Phase 5 PR-2: Vocabulary<CapcoScheme> impl + FOUO regression guards by bashandbone · Pull Request #143 · marquetools/marque

bashandbone · 2026-04-25T13:57:07Z

Summary

Implements impl Vocabulary<CapcoScheme> for CapcoScheme (T084) — composes the per-CVE-file and per-token tables emitted in PR-1 (marque_ism::generated::vocabulary) into the marque_scheme::Vocabulary<S> trait surface (Authority, OwnerProducer, PointOfContact, Deprecation, portion/banner forms, TokenMetadataFull<TokenId>).
Adds FOUO regression guards (T075/T076) to keep the deprecated FOUO → CUI migration entry from being silently re-introduced and to verify FOUO remains an active dissem control end-to-end.
Adds zero-allocation regression test (T077) gated behind a new count-allocs feature on marque-capco, mirroring the existing harness in marque-core/tests/alloc_budget.rs.

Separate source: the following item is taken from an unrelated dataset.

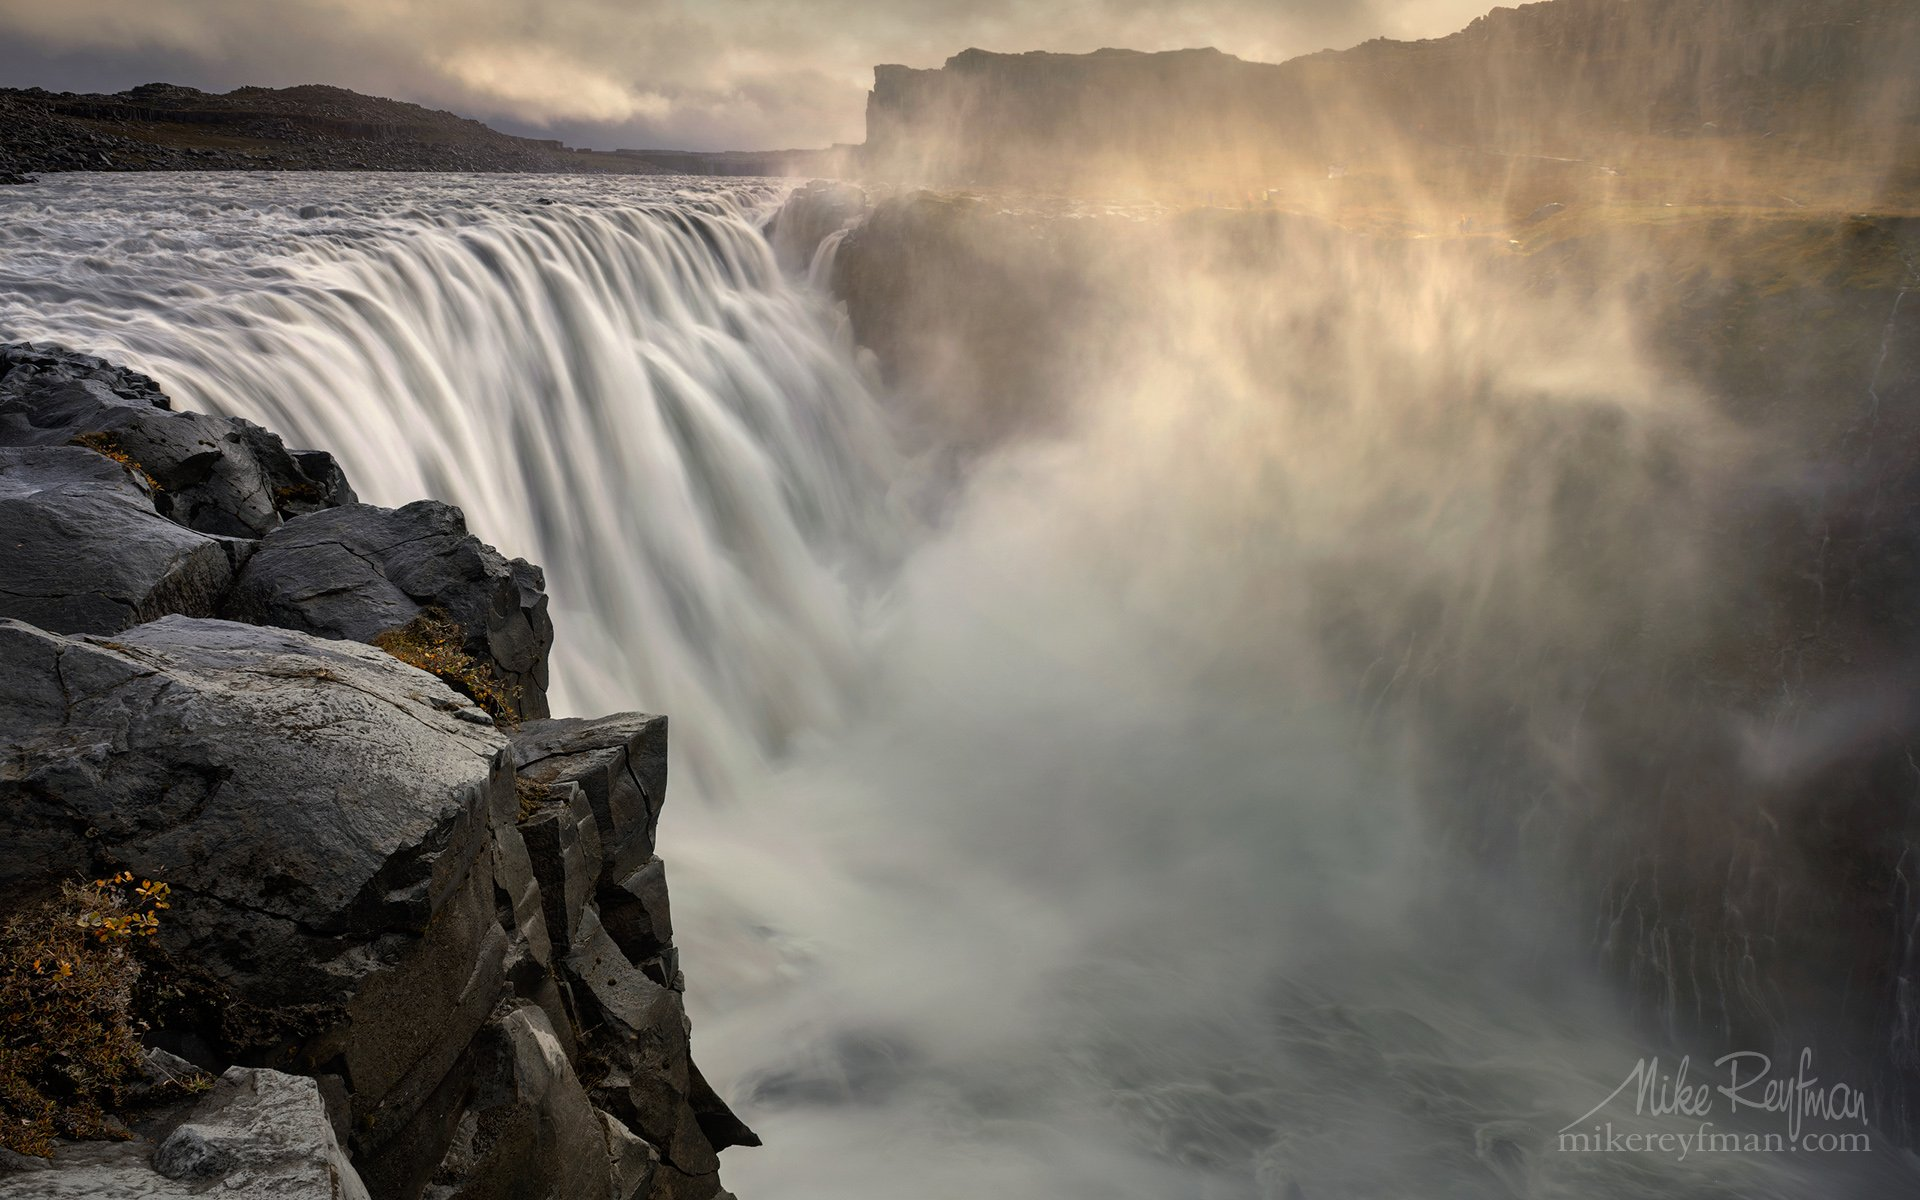 dettifoss, vatnajökull national park, northeast iceland, powerful, waterfall, europe,  jökulsá á fjöllum, river, Майк Рейфман
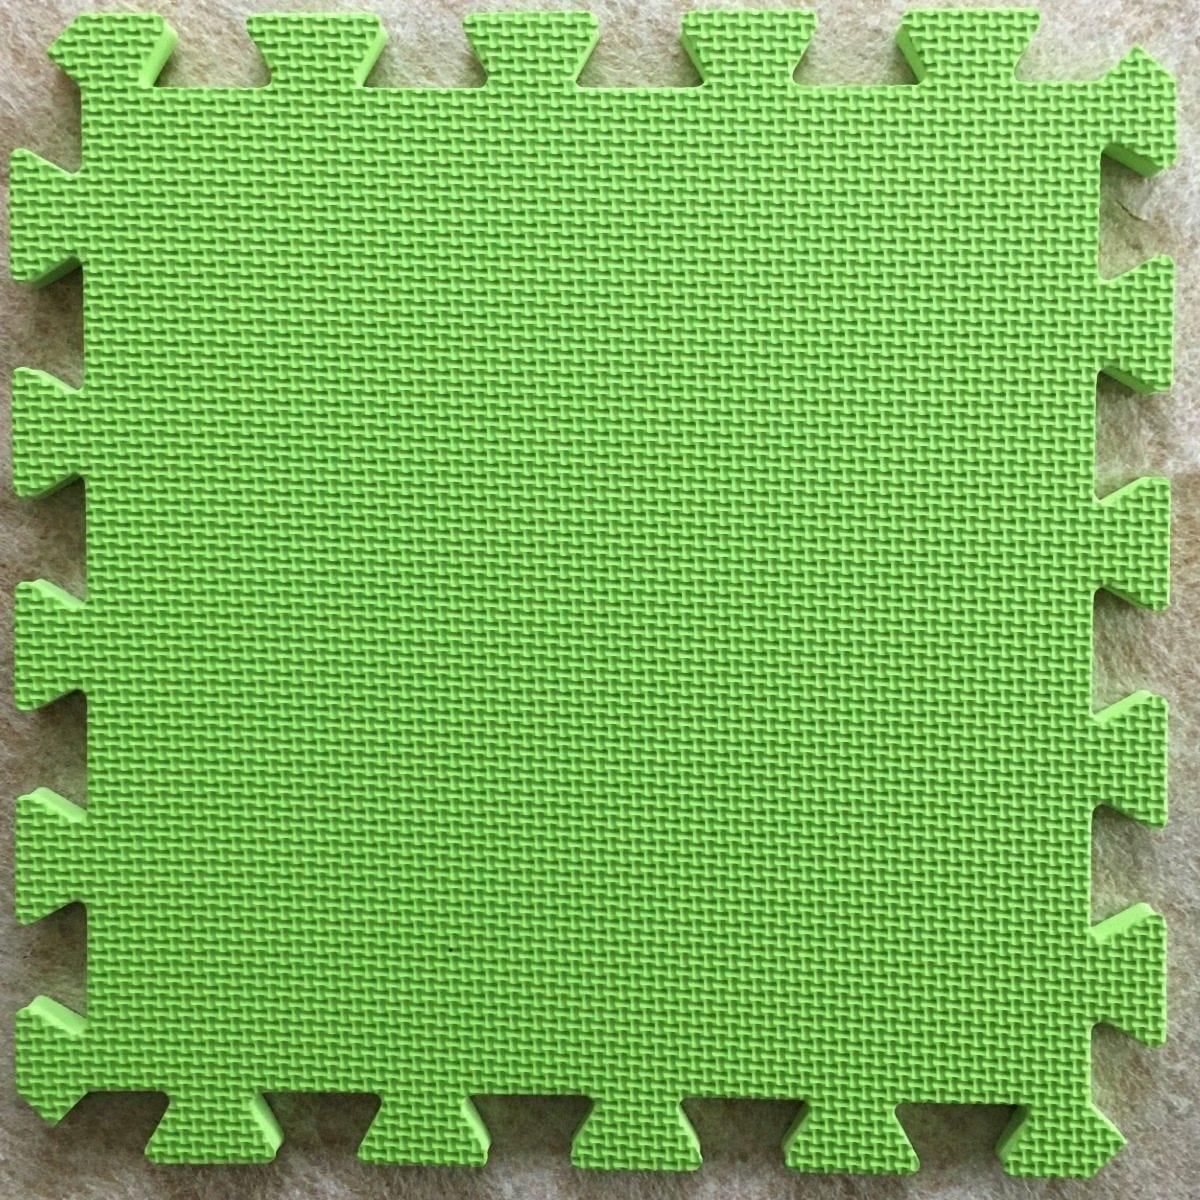 Warm Floor Tiling Kit - Playhouse 5 x 5ft Green

Per Constitution VII, the trait impl lives in marque-capco (the convergence crate that depends on both marque-ism and marque-scheme), not in marque-ism.

Token coverage

CapcoScheme::Token = TokenId is opaque; the active set today is the ~14 hand-assigned sentinels in crates/capco/src/scheme.rs. This PR maps the 10 sentinels with a corresponding canonical CVE value (NF, RD, FRD, TFNI, RD-CNWDI, UCNI, HCS, R, ND, XD) into the generated tables.

Aggregate sentinels (TOK_US_CLASSIFIED, TOK_NON_US_CLASSIFICATION, TOK_IC_DISSEM, TOK_NON_IC_DISSEM), trigraph sentinels (TOK_USA — trigraphs are XSD-sourced, not in the JSON-derived TOKEN_METADATA), and grammar-shape sentinels (TOK_JOINT, TOK_FGI_MARKER) panic on lookup, surfacing misuse loudly. Phase C extends both the sentinel set and this mapping.

Static lifetimes

Every accessor returns &'static data via LazyLock<Vec<...>>-backed tables — initialized once on first call, dereferenced in place thereafter. The count-allocs test verifies post-warmup accessors do zero heap allocation.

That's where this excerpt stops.